__WORK TASK__: Exactly the lines below from the line with "božična-drevesa-cupcakes" through the line with "Mouans-Sartoux Food Forum" must make up the answer, both ends included and pictures left out.

__RECORD EXCERPTS__:
<<<<

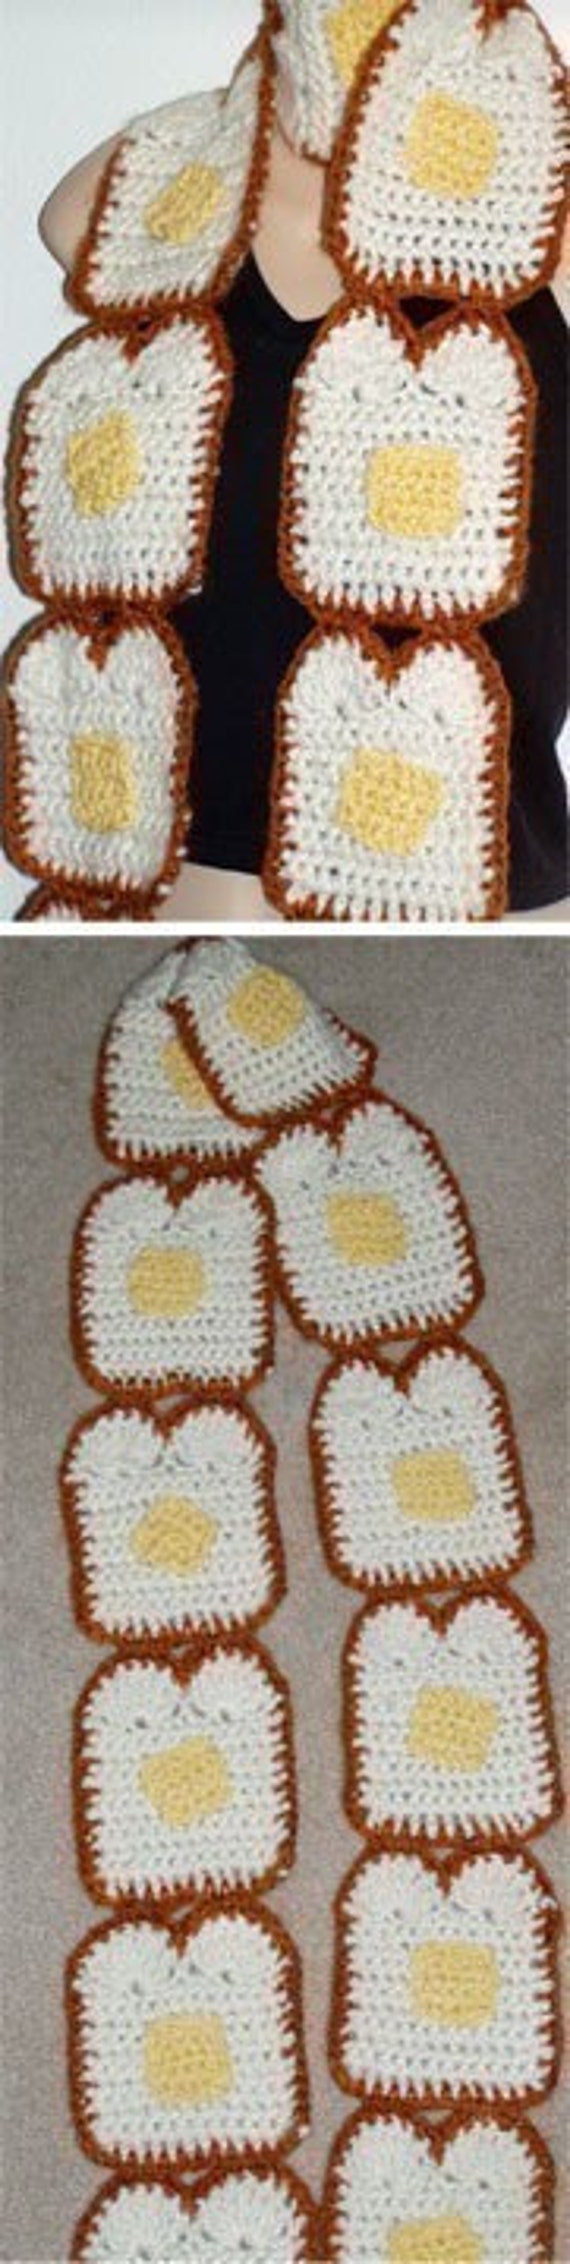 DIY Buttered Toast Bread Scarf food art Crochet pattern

>>>>
<<<<

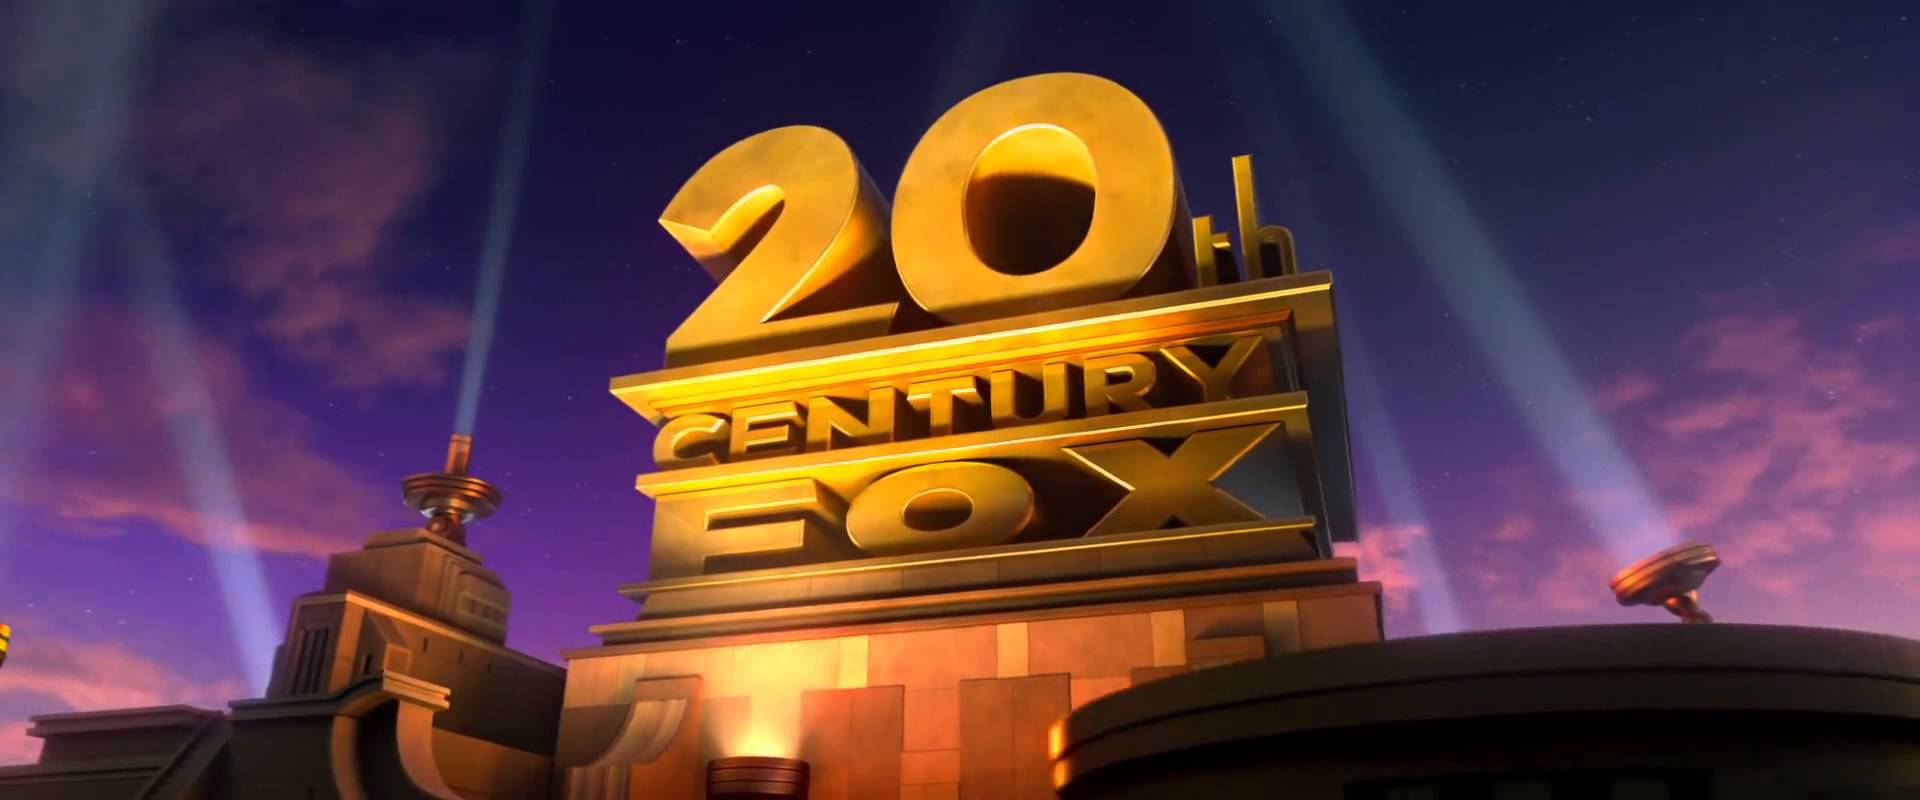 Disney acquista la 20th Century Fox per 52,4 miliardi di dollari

>>>>
<<<<

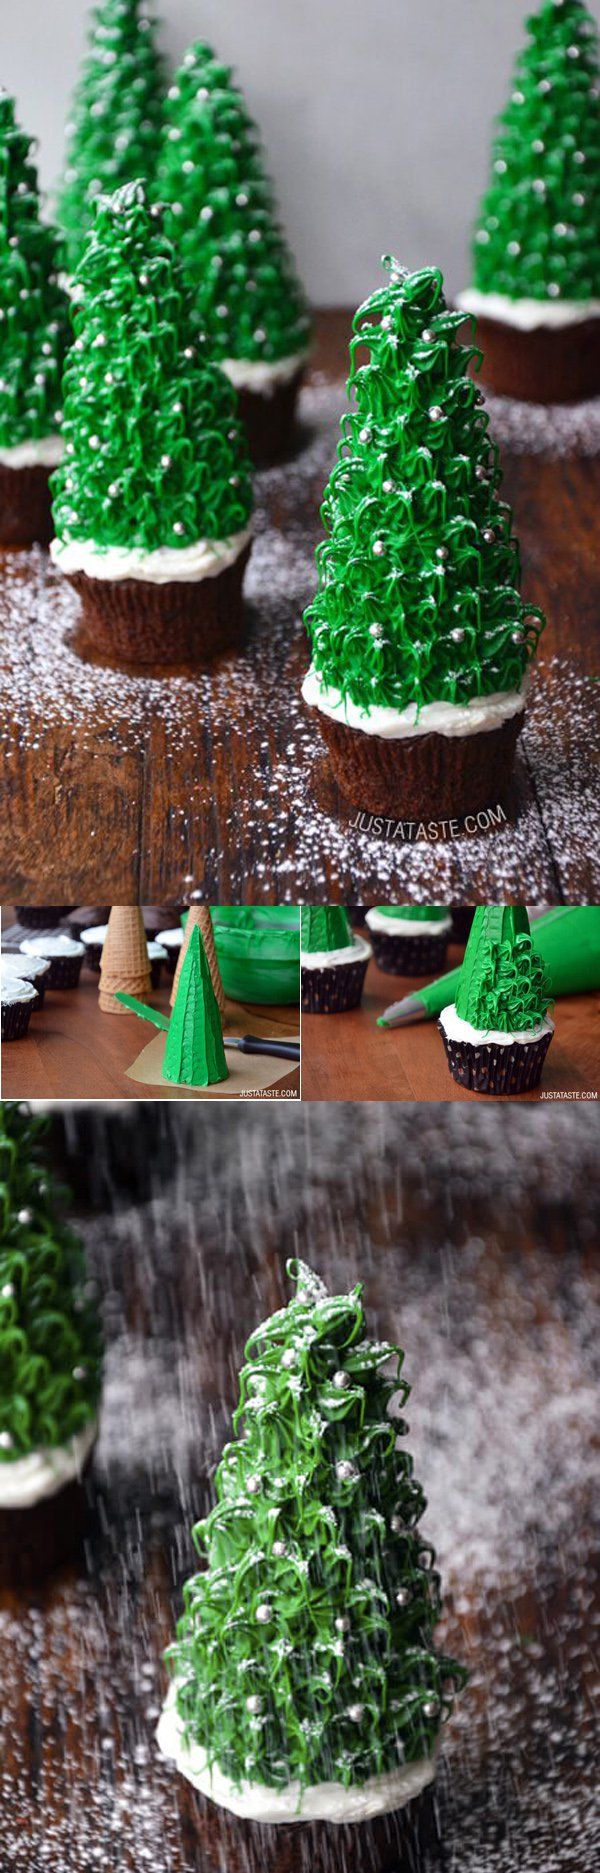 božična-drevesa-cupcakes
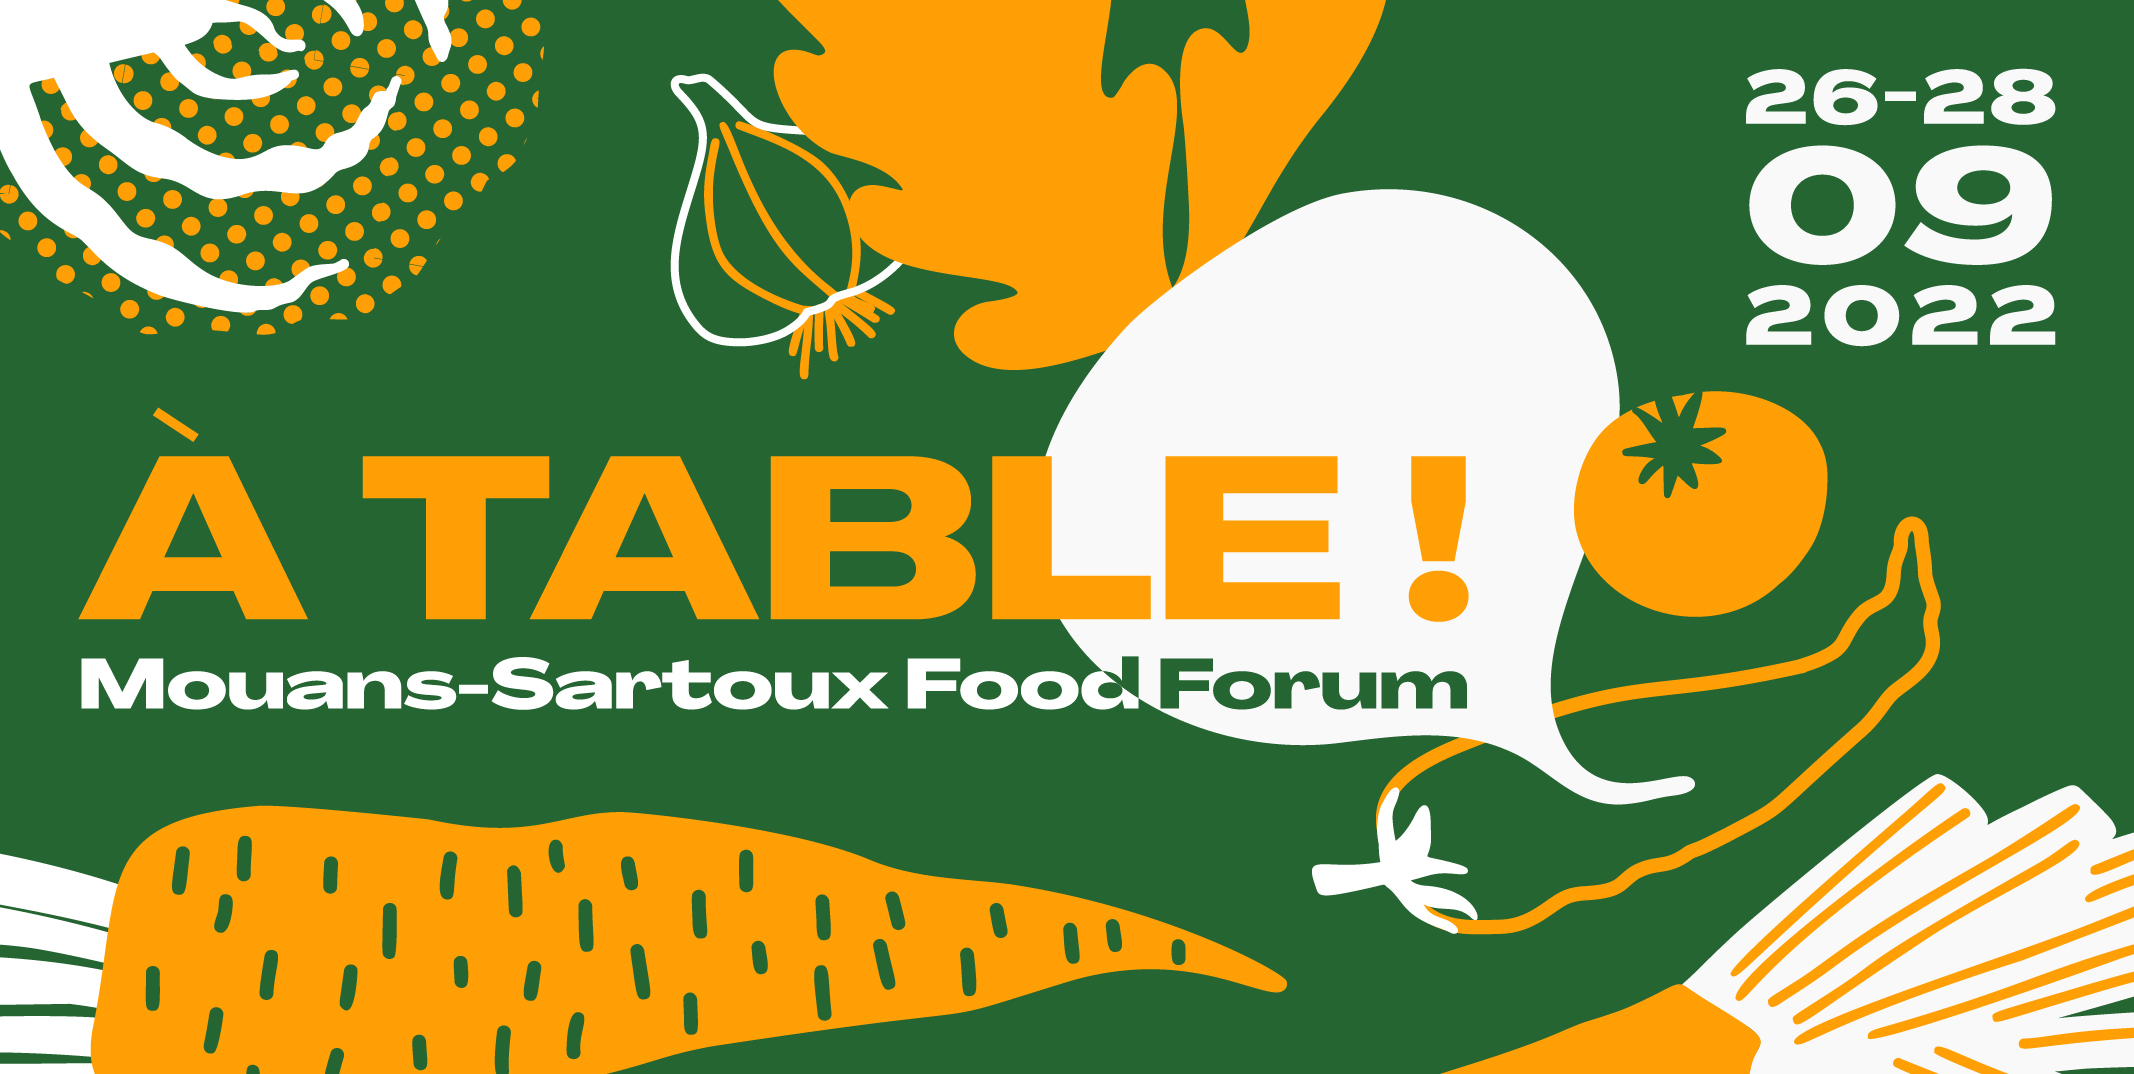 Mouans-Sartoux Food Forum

>>>>

__EXERCISE SOLUTION__:
 božična-drevesa-cupcakes
 Mouans-Sartoux Food Forum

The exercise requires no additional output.